Dr. William Buchan, whose extremely popular book, Domestic Medicine, was found in almost as many late 18th and early 19th century homes as the Bible, explained that it was often just too hard to tell the difference between doctors and quacks because they both kept secrets from their patients - the quack with his secret ingredients and the doctor with his ancient Latin and mysterious prescription symbols:
The appearance of mystery in the conduct of physicians not only renders their art suspicious, but lays the foundations of Quackery, which is the disgrace of Medicine. No two characters can be more different than that of the honest physician and the quack; yet they have generally been very much confounded. The line between them is not sufficiently apparent; at least is too fine for the general eye. Few persons are able to distinguish sufficiently between the conduct of that man who administers a secret Medicine, and him who writes a prescription in mystical characters and an unknown tongue. Thus the conduct of the honest physician, which needs no disguise, gives a sanction to that of the villain, whose sole consequence depends upon secrecy.

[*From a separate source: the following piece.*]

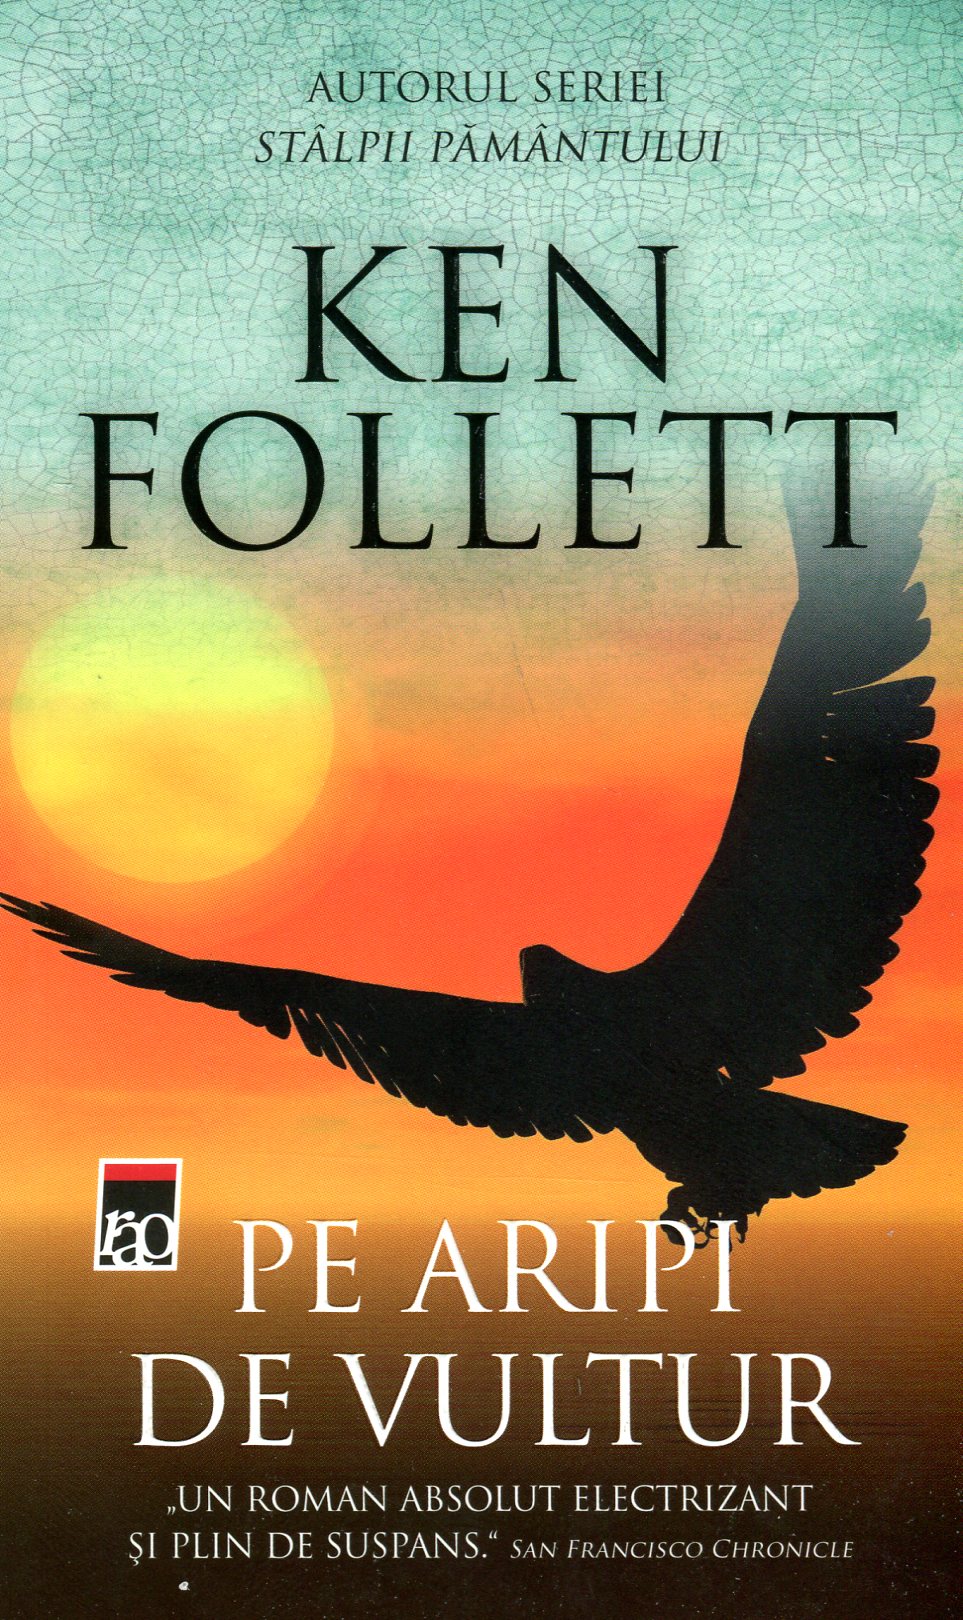 Pe aripi de vultur - Ken Follett

Maybe there's something we can learn today from this two-century old book: quacks are still quacks and they still find suckers:

No laws will ever be able to prevent quackery, while people believe that the quack is as honest a man, and as well qualified, as the physician. ... it is the ignorance and credulity of the multitude, with regard to Medicine, which renders them such an easy prey ... .
Don't just count the diplomas and certificates on your doctor's wall. Don't just assume that his fancy office, or your big bill, is evidence that he's a qualified doctor. The AMA encourages you to do so. No real doctor will protest your desire to protect yourself and your family. Check them out before they check you out.